What the flying fvck? I thought you canned that bimbo and you were headed for D. WTF happened?


----------



## TaDor (Dec 20, 2015)

Acoa said:


> Good article, I dragged the corpse around for a couple of years after Dday1. I don't consider those wasted years, it took me that time to process the fact the marriage was dead. I was hoping for a miracle.
> 
> The telling part was her not doing the 'work'. I wanted her to read Shirley Glass's book "Not Just Friends", but she "lost" it. She wouldn't read some other articles I asked her to. She would agree to, but never find the time. If that is happening to you, then you have a corpse on your hands.


If my WW was doing what yours did, I would not be working on our relationship. I did buy that book and we're both still reading it. She has agreed to all types of related therapy and even brought up other couple's support meetings for us to go to. Even last night, we were at a couples AA/ALA meeting and she voiced before I did, that she wants us to continue such meetings.

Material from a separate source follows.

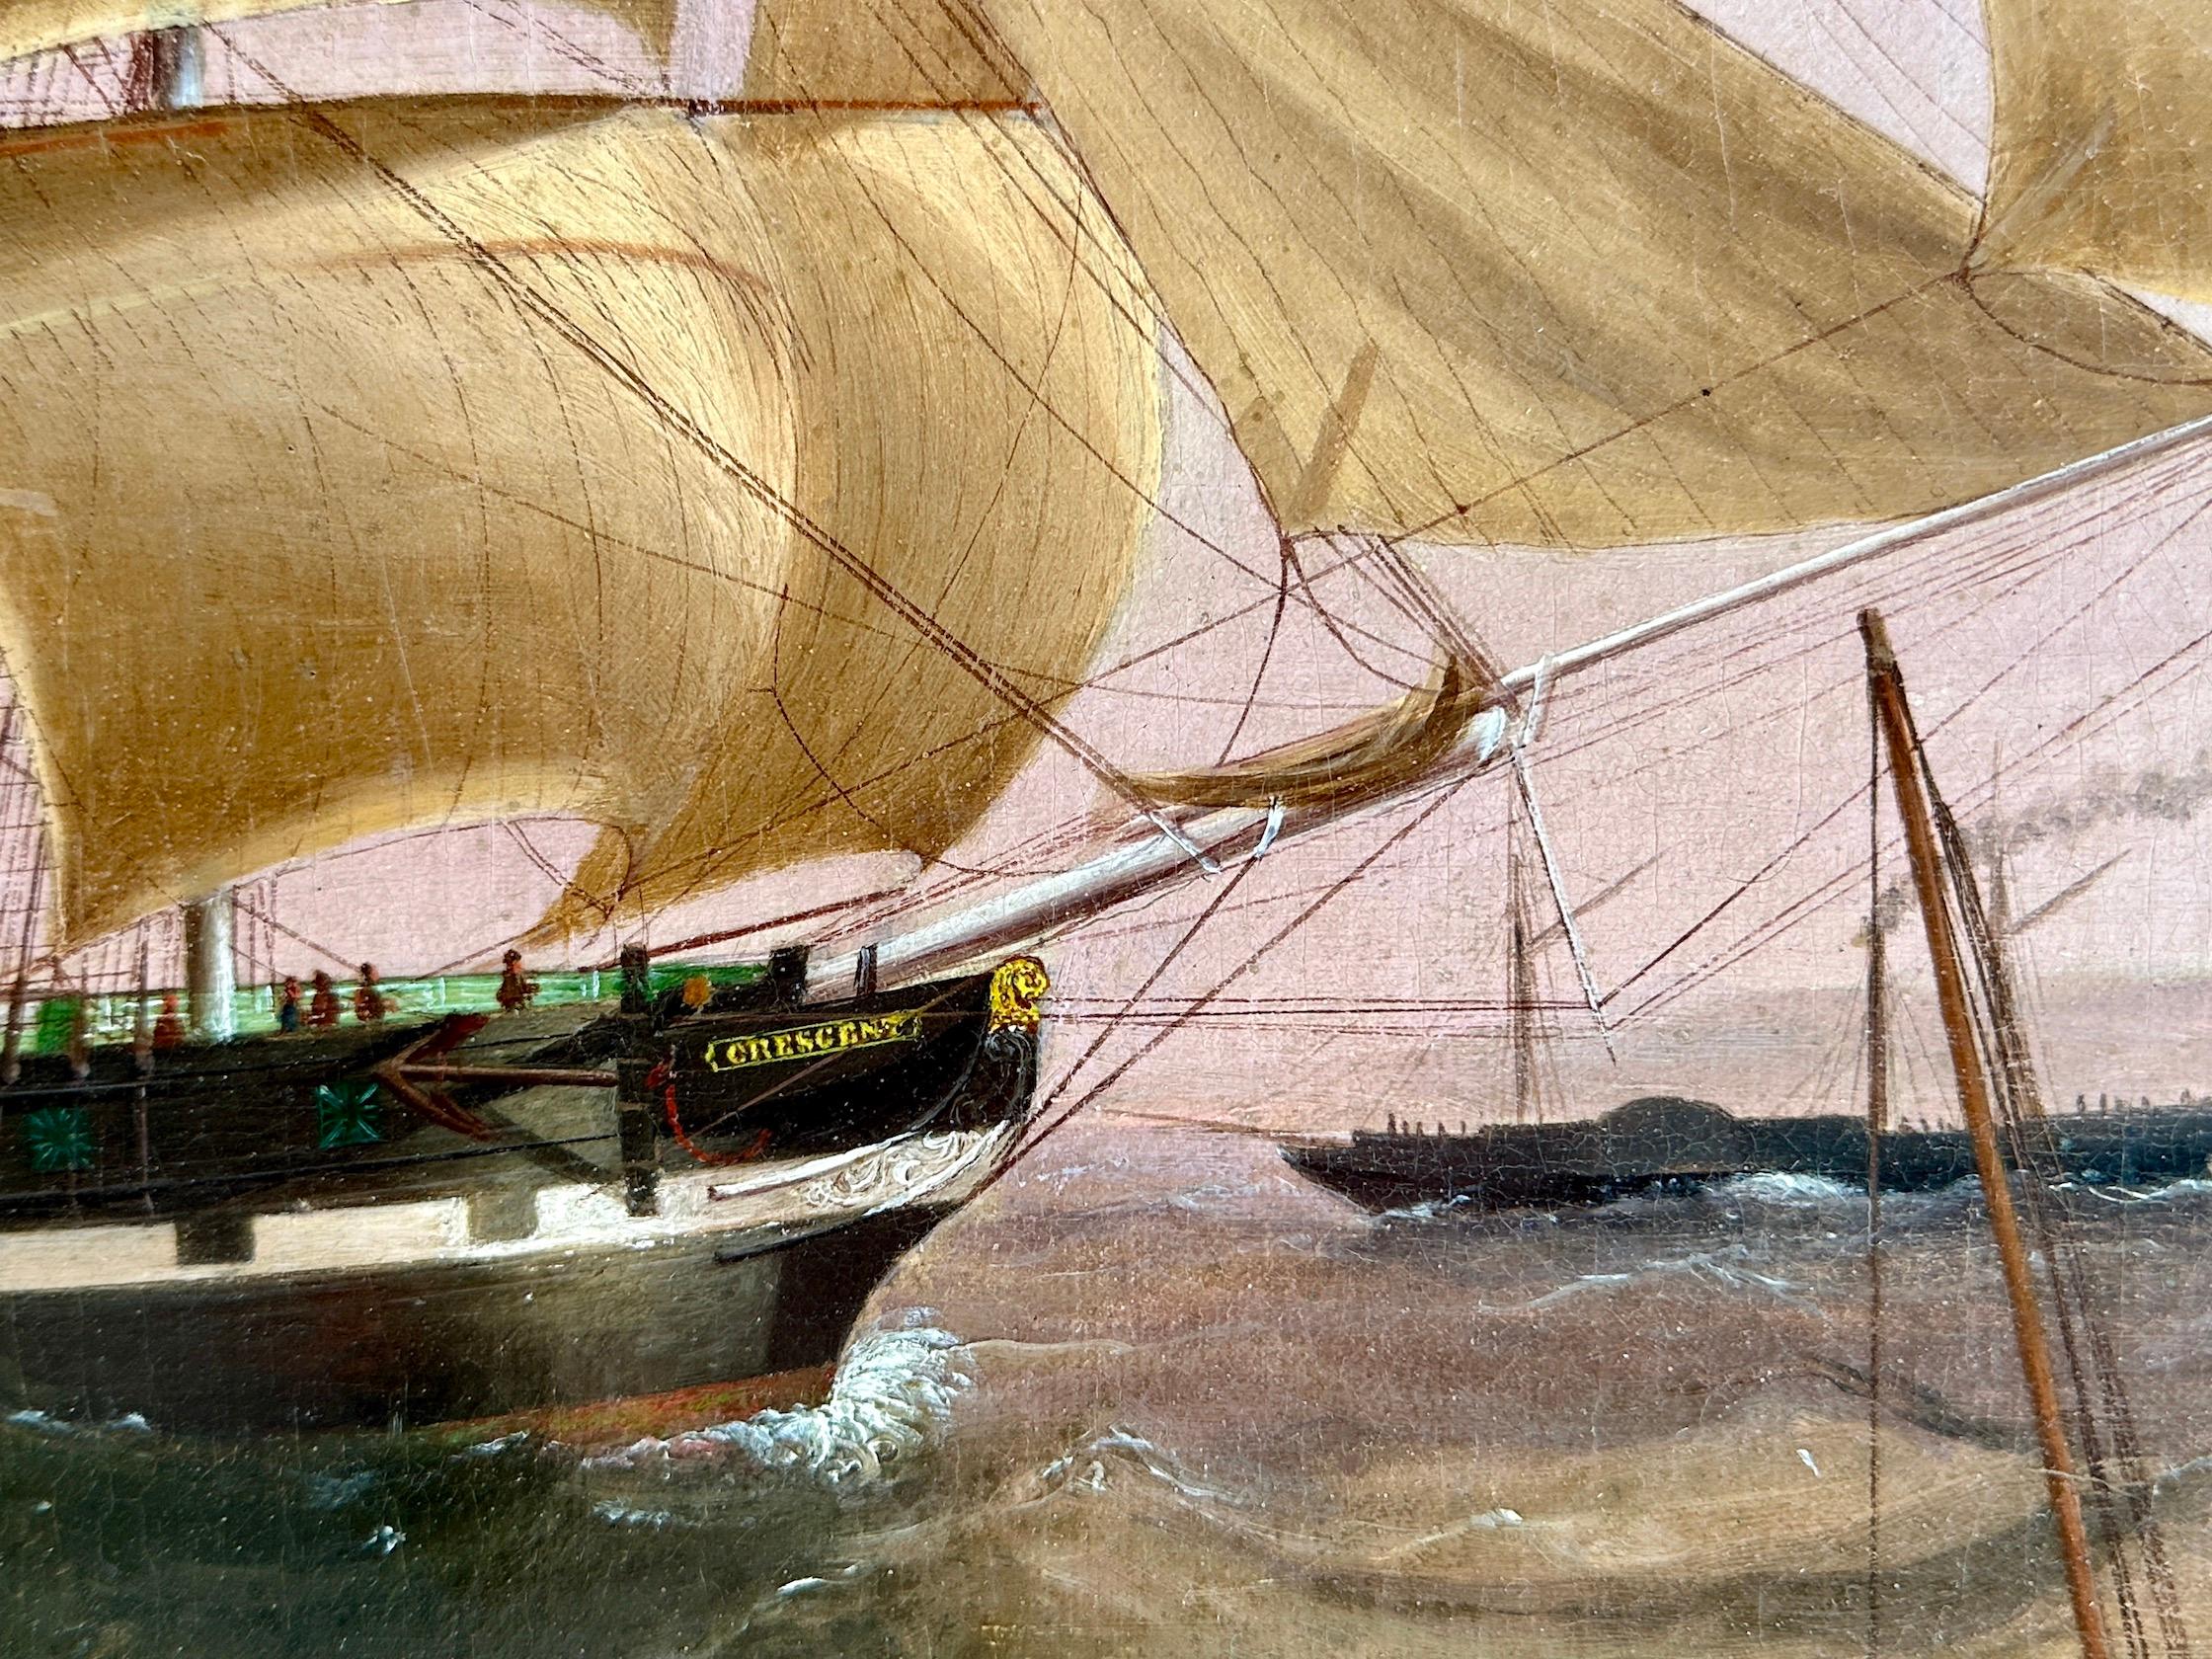 English 19th century portrait of the Clipper ship Crescent at sea in full sail For Sale 2

Even with all of this, thinking we're fixed - hasn't happened yet as its recent and we have many many months of repairs to do.

My WW is going to read books I have checked out of the library, after she is done with "Not Just Friends" ~ as will I.

I'm hoping for the best.

But yeah, in that article : if the cheating partner (or any partner) is not wanting to do therapy or the WORK to repair and heal - then the marriage is a dead corpse.


----------



## RWB (Feb 6, 2010)

ThePheonix said:


> I've been beating the drum that *women in affairs have typically lost interest in their spouse *and it seldom, if ever, returns. Although its usually ignored, the facts often support my contentions.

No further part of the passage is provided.